## Action item
The whole listing is to be restated word for word with no images.

## Collected data
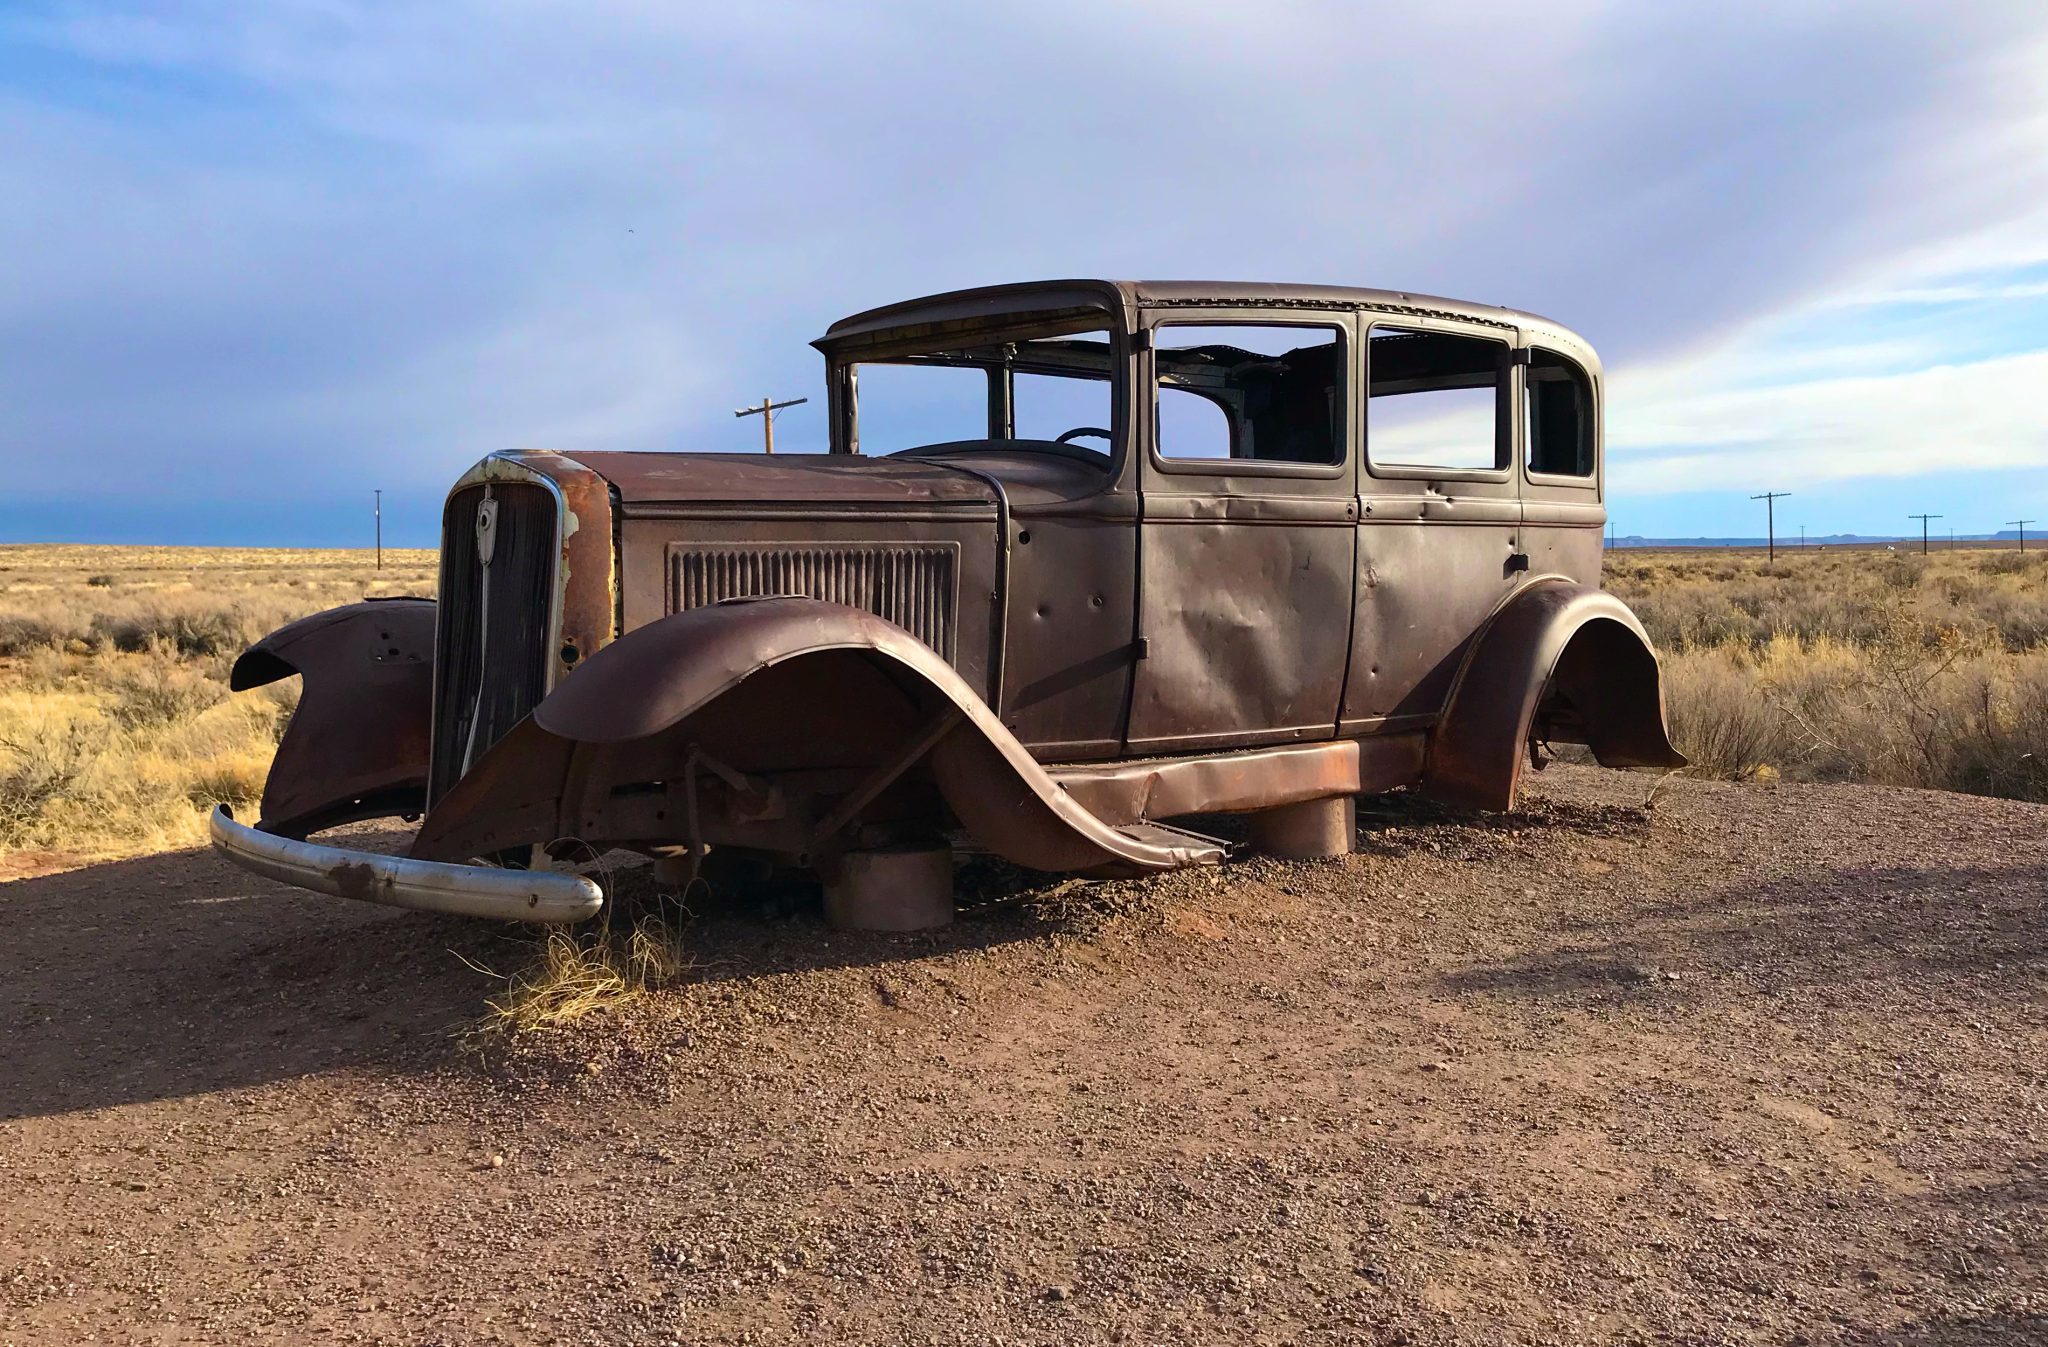 Rusted, Abandoned Vehicle In The Arizona Desert
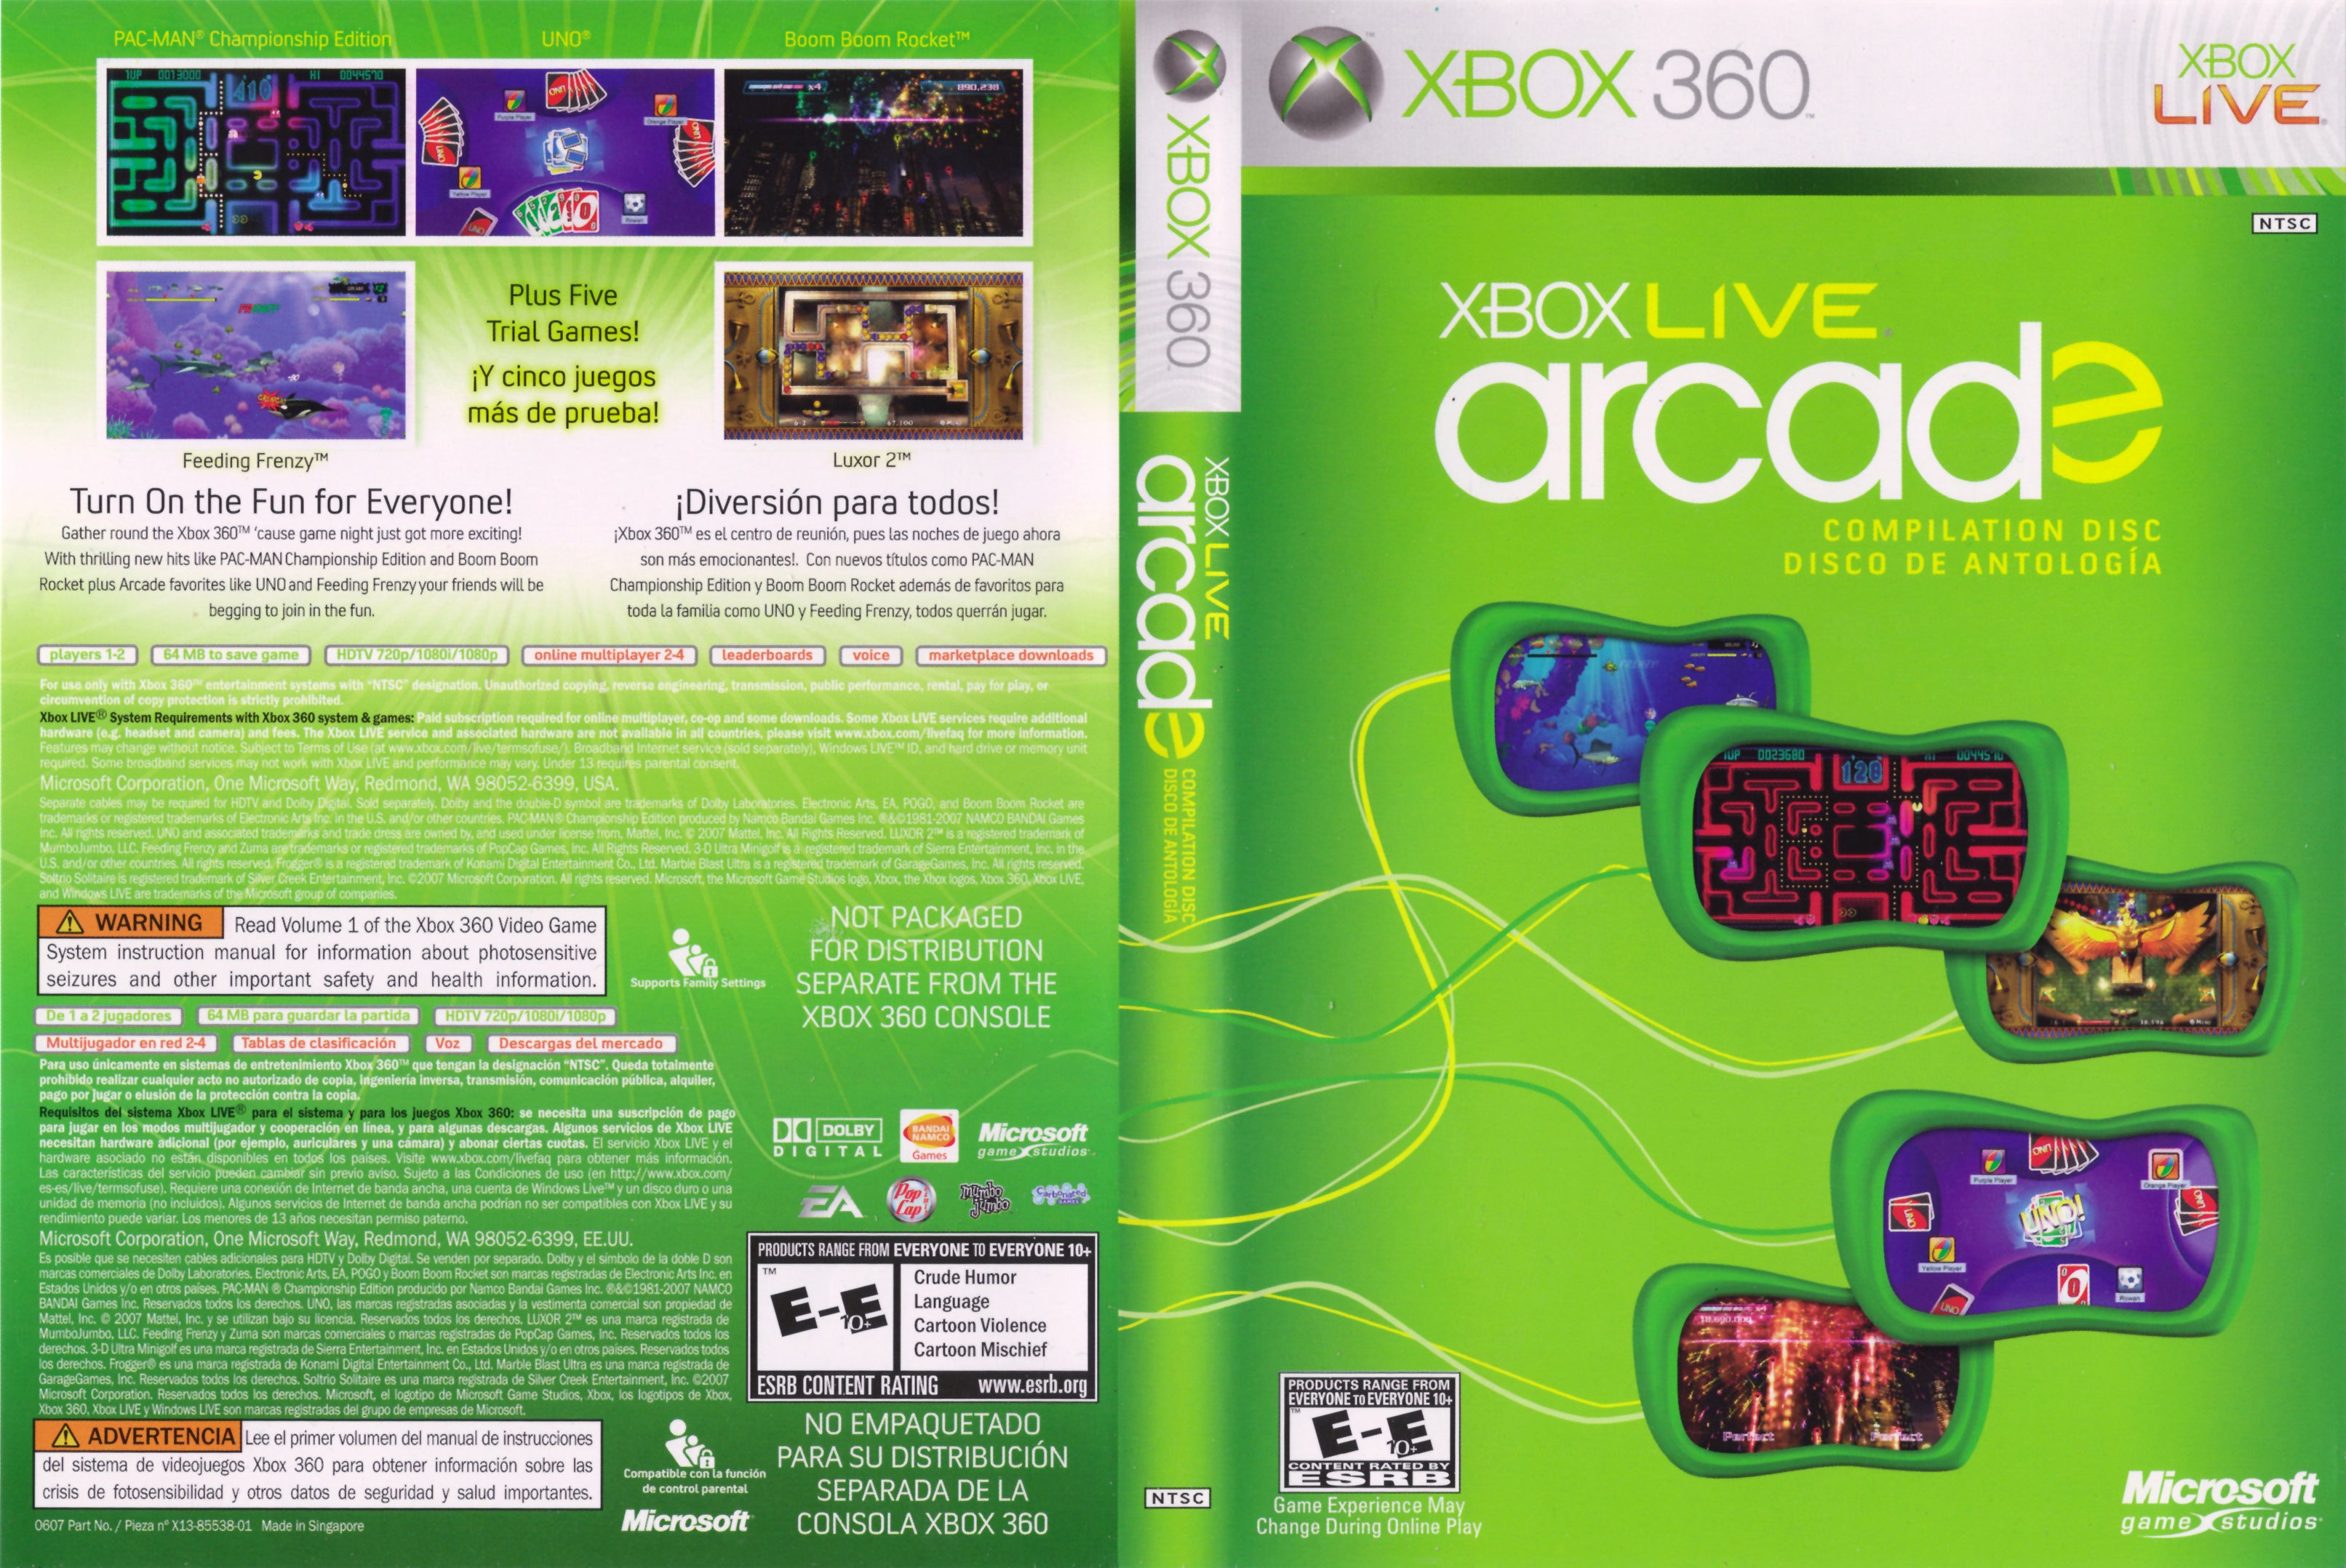 Xbox live games. Xbox Live Xbox 360. Xbox Arcade 360 игры диск. Xbox 360 Arcade. Xbox Live Arcade Compilation Disc для Xbox 360.
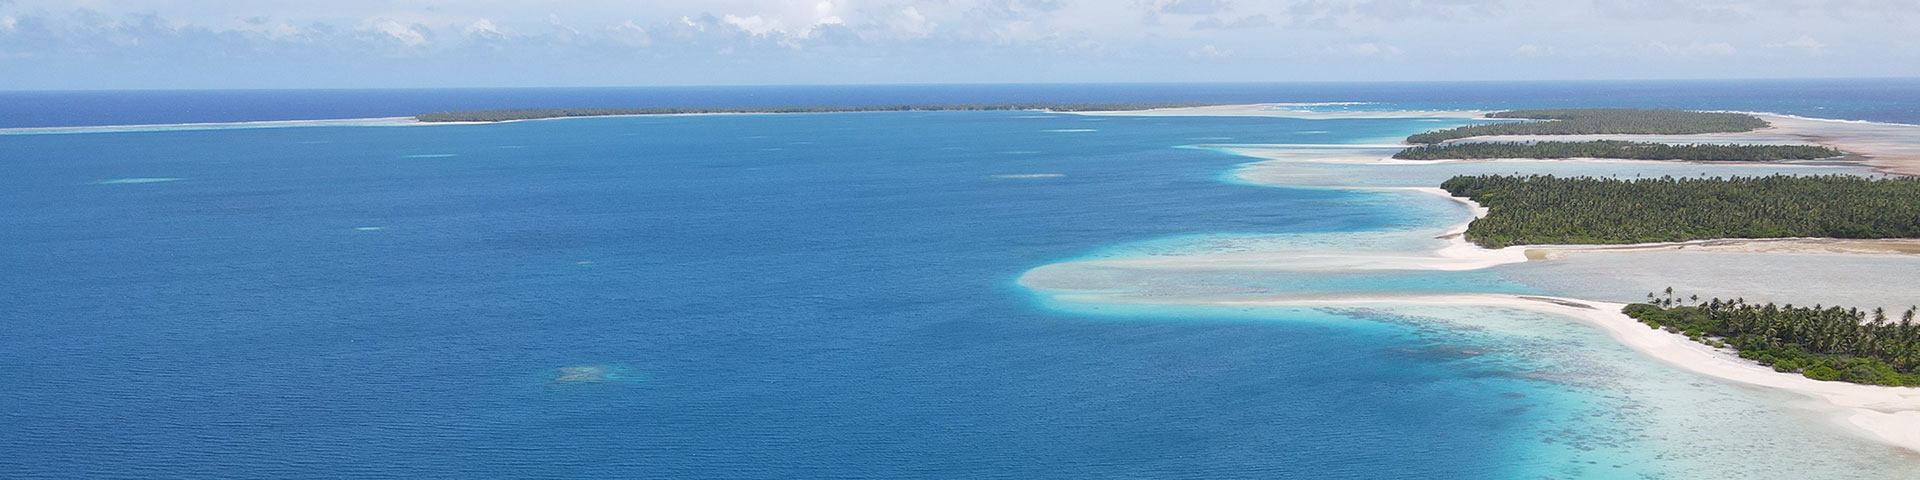 Pequeñas islas verdes rodeadas de mar turquesa

## Result for this exercise
 Rusted, Abandoned Vehicle In The Arizona Desert
 Xbox live games. Xbox Live Xbox 360. Xbox Arcade 360 игры диск. Xbox 360 Arcade. Xbox Live Arcade Compilation Disc для Xbox 360.
 Pequeñas islas verdes rodeadas de mar turquesa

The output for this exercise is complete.